Accordingly, Plaintiff’s Motion to Quash is GRANTED IN PART AND DENIED IN PART. The subpoena is modified to include only records pertaining to individual treatment Plaintiff received from Integrity Counseling Group.
III. Sanctions
In making an order pursuant to California Code of Civil Procedure section 1987.1, “the court may in its discretion award the amount of the reasonable expenses incurred in making or opposing the motion, including reasonable attorney's fees, if the court finds the motion was made or opposed in bad faith or without substantial justification or that one or more of the requirements of the subpoena was oppressive.” (Code Civ. Proc., § 1987.2, subd. (a).)
The Court declines to award expenses as the motion was not made or opposed in bad faith or without substantial justification.

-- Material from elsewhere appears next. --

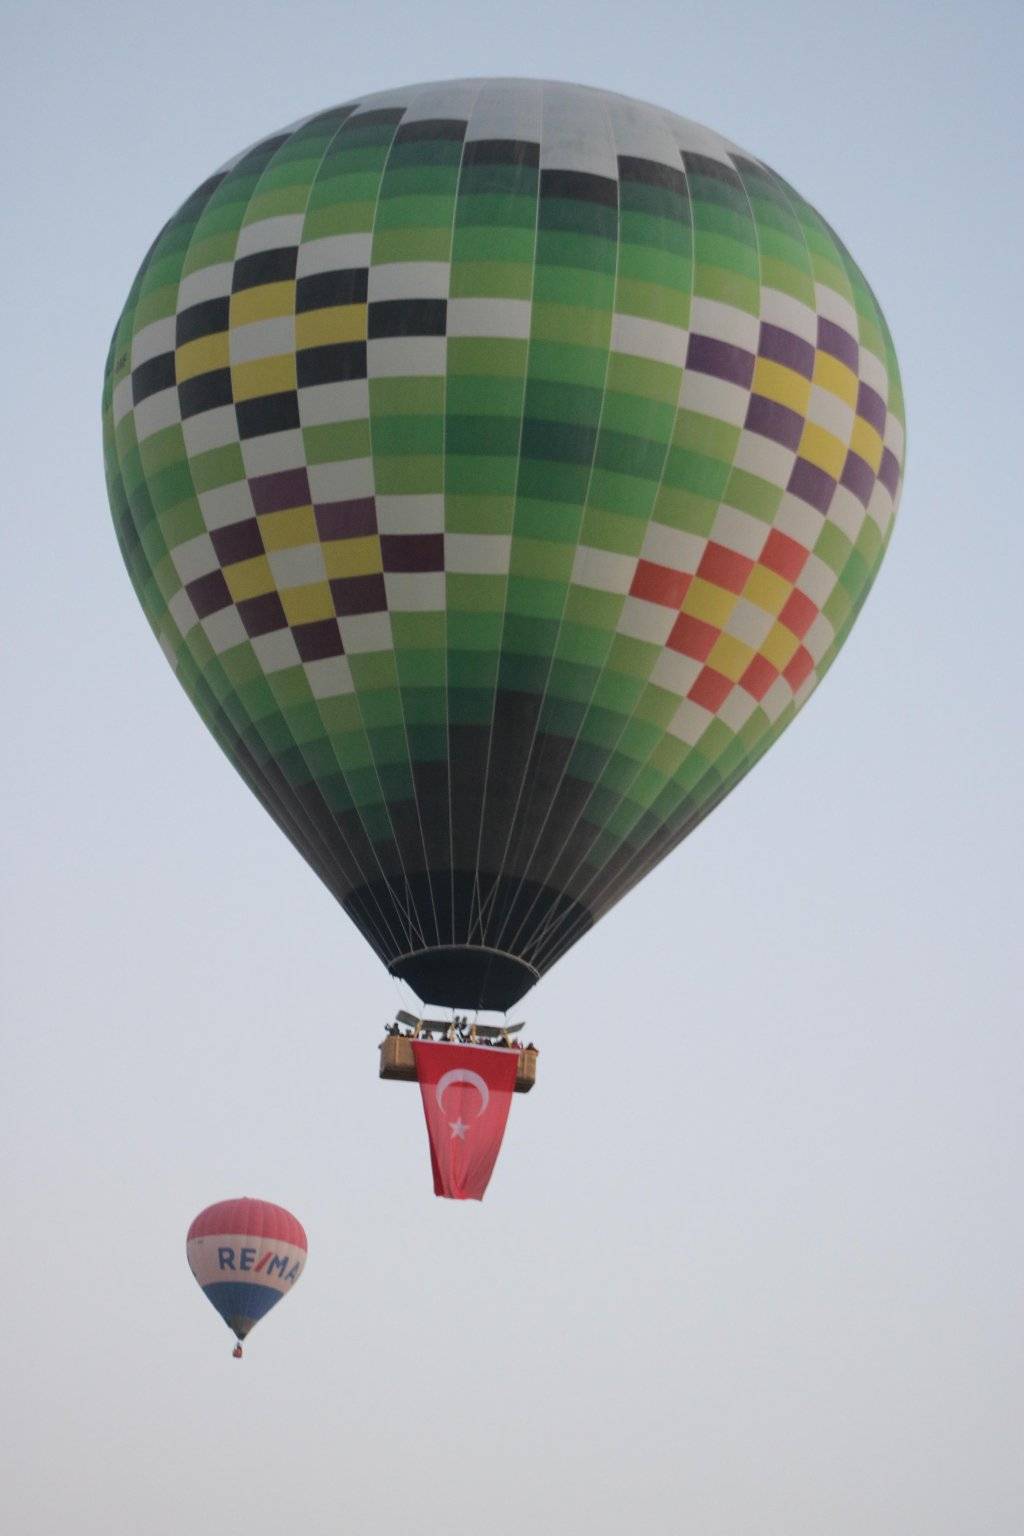 Sıcak hava balonları 10 Kasım'da böyle görüntülendi: Atatürk posterleriyle havalandılar 15
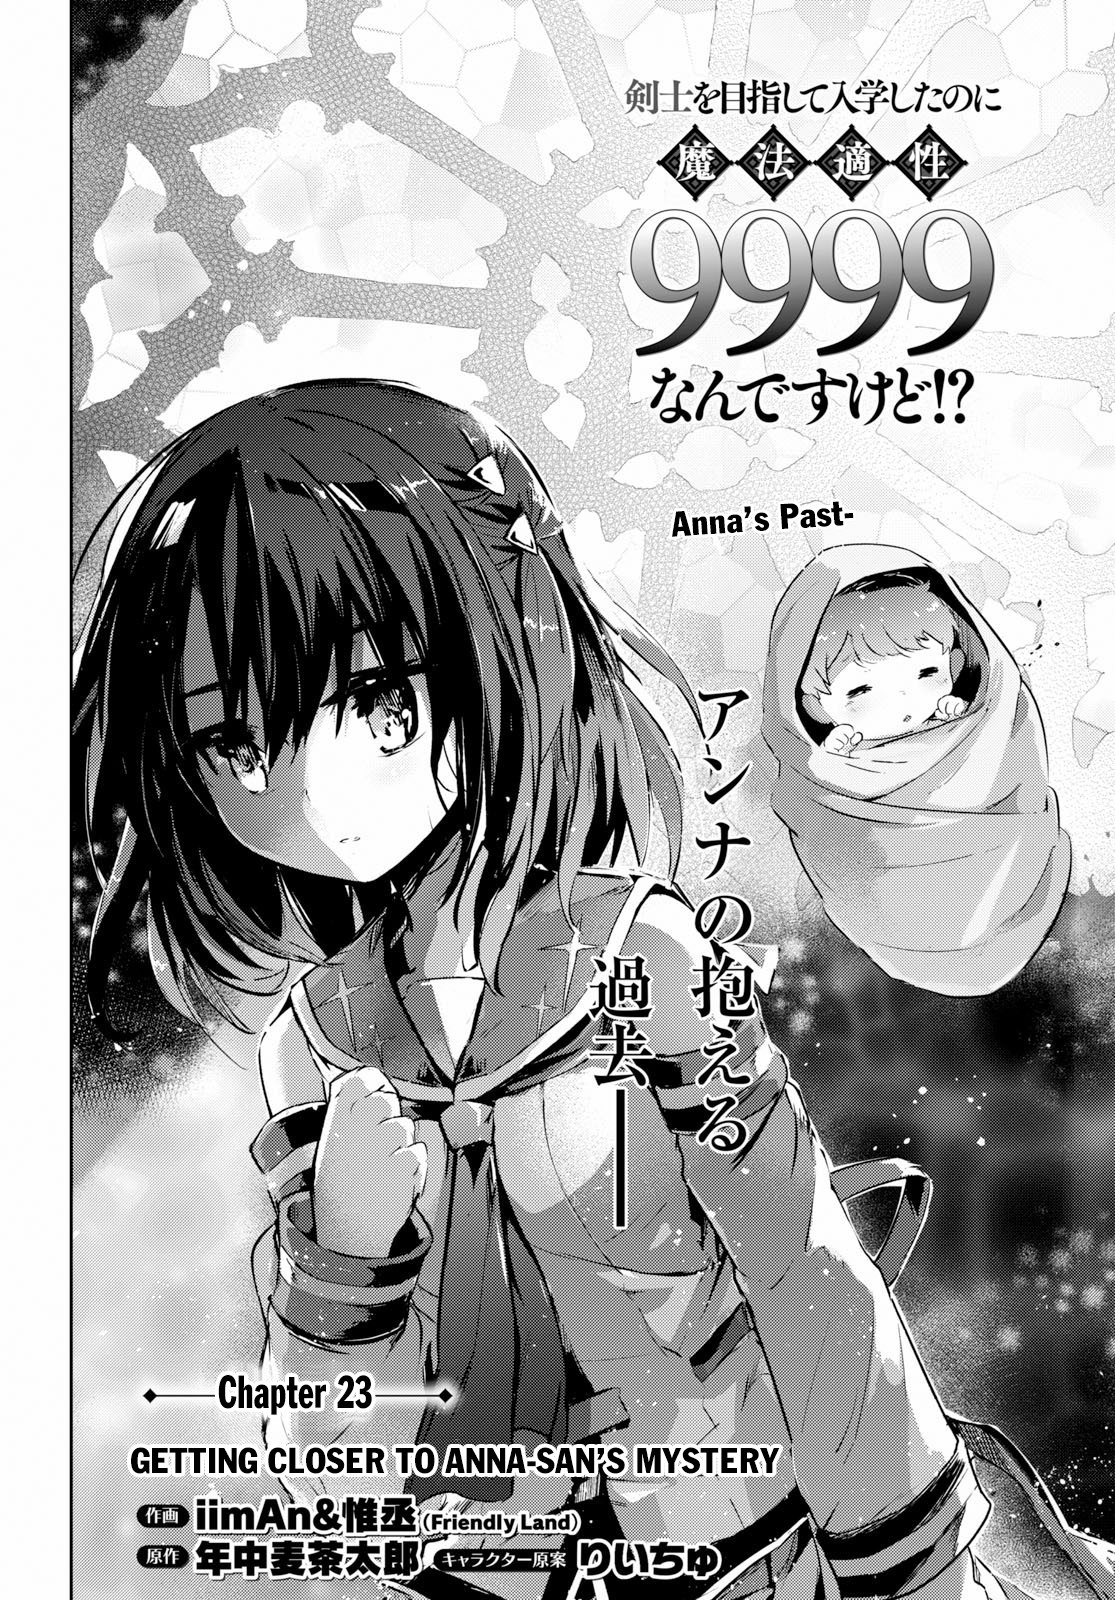 Kenshi O Mezashite Nyūgaku Shitanoni Mahō Tekisei 9999 Nandesukedo!? Chapter 23: Getting Closer To Anna-San's Mystery - Picture 3

Moving party to give notice.
IT IS SO ORDERED.
Dated: October 17, 2023 ___________________________________
Randolph M. Hammock
Judge of the Superior Court
Any party may submit on the tentative ruling by contacting the courtroom via email at Smcdept49@lacourt.org by no later than 4:00 p.m. the day before the hearing. All interested parties must be copied on the email. It should be noted that if you submit on a tentative ruling the court will still conduct a hearing if any party appears. By submitting on the tentative you have, in essence, waived your right to be present at the hearing, and you should be aware that the court may not adopt the tentative, and may issue an order which modifies the tentative ruling in whole or in part.